Study abroad friendships: Real or fake?

BY Creative Content Editor

Ah, friendship: it’s elusive, fulfilling and it’s soul-affirming. For many years, I thought I understood friendship and its importance, but then I spent winter session 2020 in Greece. This adventure made me question thoughts and intuitions I’d previously held about the very concept. We know that it can bridge gaps and build bridges, one person and one experience at a time.

During winter break I had the opportunity to travel with 15 strangers to Greece and study biblical & classical literature with professor David Satran. Because it was my first time going abroad, I was excited about the prospects of Europe and all its trappings. The sights, smells and sounds of Europe awaited me and I was filled with nervous anticipation. The Acropolis, the Parliament, the shops and the taxis were breathtaking. I was not only stunned by Greece’s scenery but completely enthralled by its people.

I definitely experienced culture shock in the beginning, and my journey didn’t seem real until about four days into the trip. I landed feet first into a foreign country tasked with observing, studying and recording my experiences. I was also eager to meet new people and make new connections; thankfully it was much easier than I initially anticipated.

While in Greece, not only did I learn all about the culture, language and history of their country, I began to learn more about people in general. People are often busy, consumed by the responsibilities and school, which can cause their social life to suffer. Being with 15 other people on the same journey allowed us to laugh, cry and share our innermost secrets and deepest thoughts. Our friendships were not defined by race, gender nor social standing as they sometimes are for me in America, just a genuine interest in caring and supporting each other.

I admit that going into this trip I didn’t expect to connect with anyone, although I remained open to any possibilities. Upon meeting these wonderful people in my group, I bonded with them on a personal and emotional level quicker than ever before. My study abroad friendships opened me up to the power of making emotional connections with people. Being entrusted with the thoughts, feelings and aspirations of other individuals after such a small window of time is a humbling experience. Making new friends during study abroad allowed me to evaluate the meaning of friendship. I believed there was a timetable for friendship and newly acquired friends aren’t true friends, which I was extremely wrong about.

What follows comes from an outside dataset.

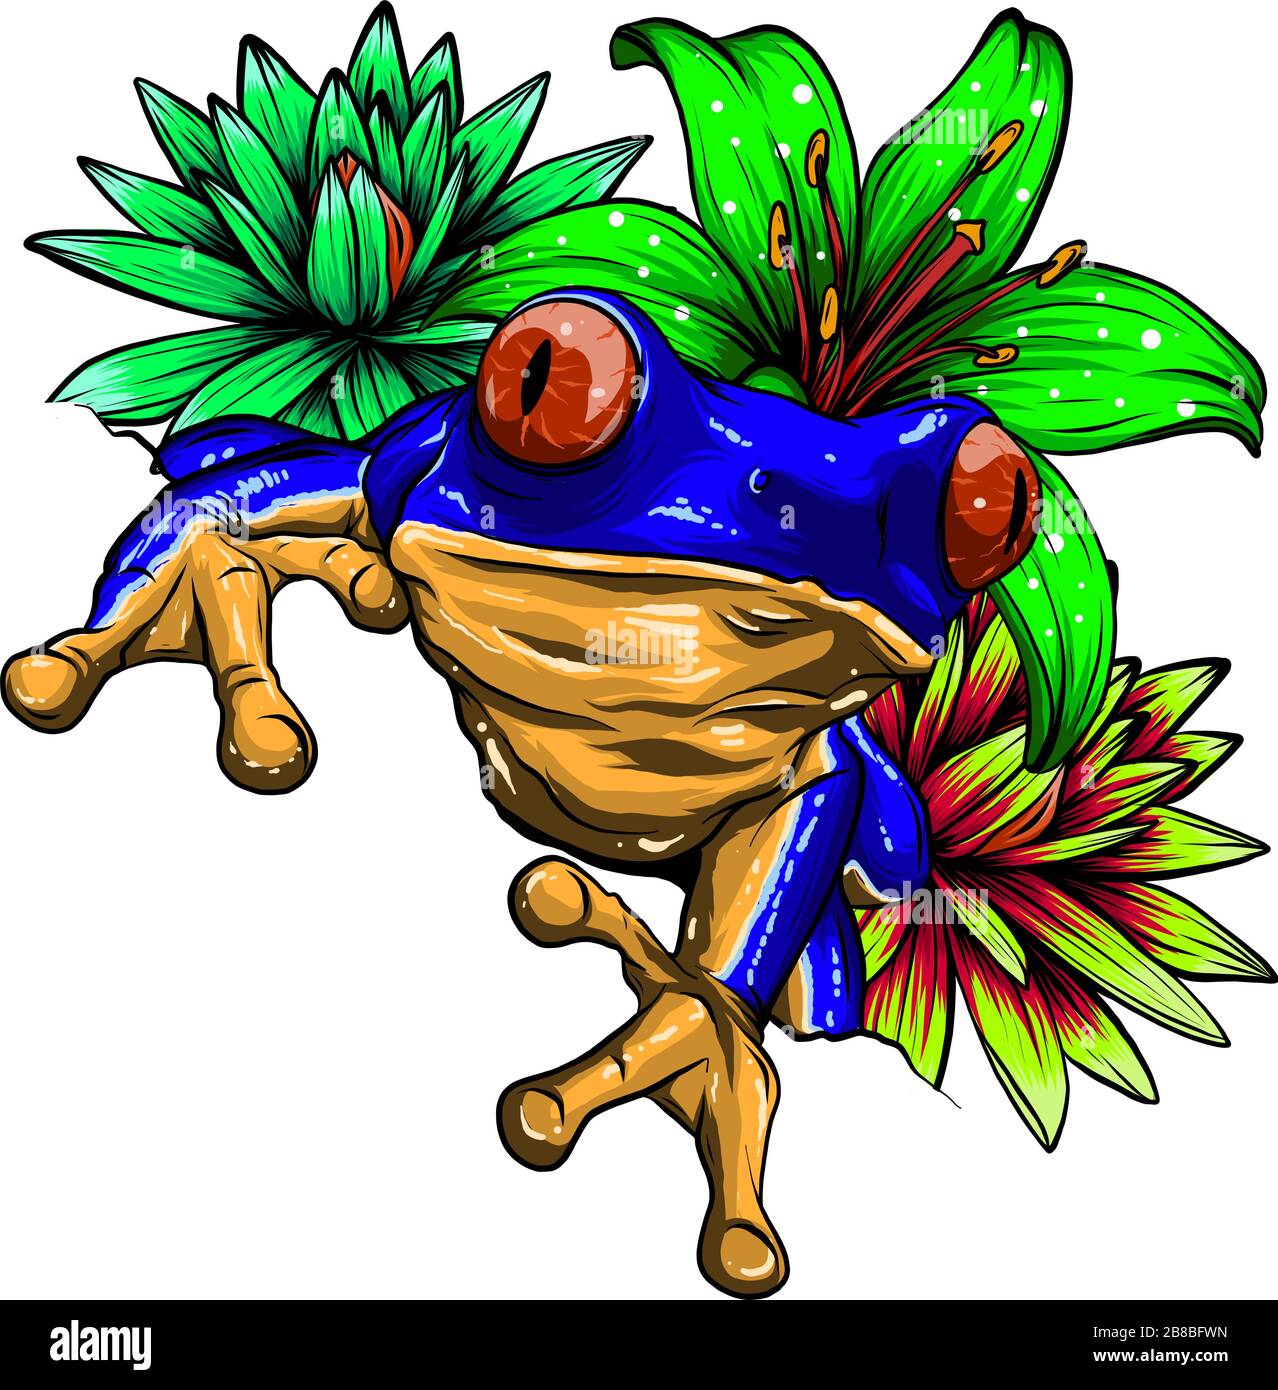 Grenouille tropicale avec fleurs illustration vectorielle Illustration de Vecteur

I realized that friendship is the manifestation of communication and emotional connection and that my new friends are real despite our limited time together and my reward for being open to the wonderful opportunities that friendship provides; the opportunity to share life experiences, communicate and connect on an intimate level.

According to Britannica, friendship is described as “a state of enduring affection, esteem, intimacy, and trust between two people” and that is exactly what I experienced on this trip. I created 15 profound states of friendship, each unique in its own right. Of all the sights, sounds and attractions of Athens, Greece, the friends I made were by far the highlight.

I was so incredibly fortunate to have the opportunity to leave America and experience a different culture. I feel even more blessed to have met these 15 strangers that I now get to call some of my best friends.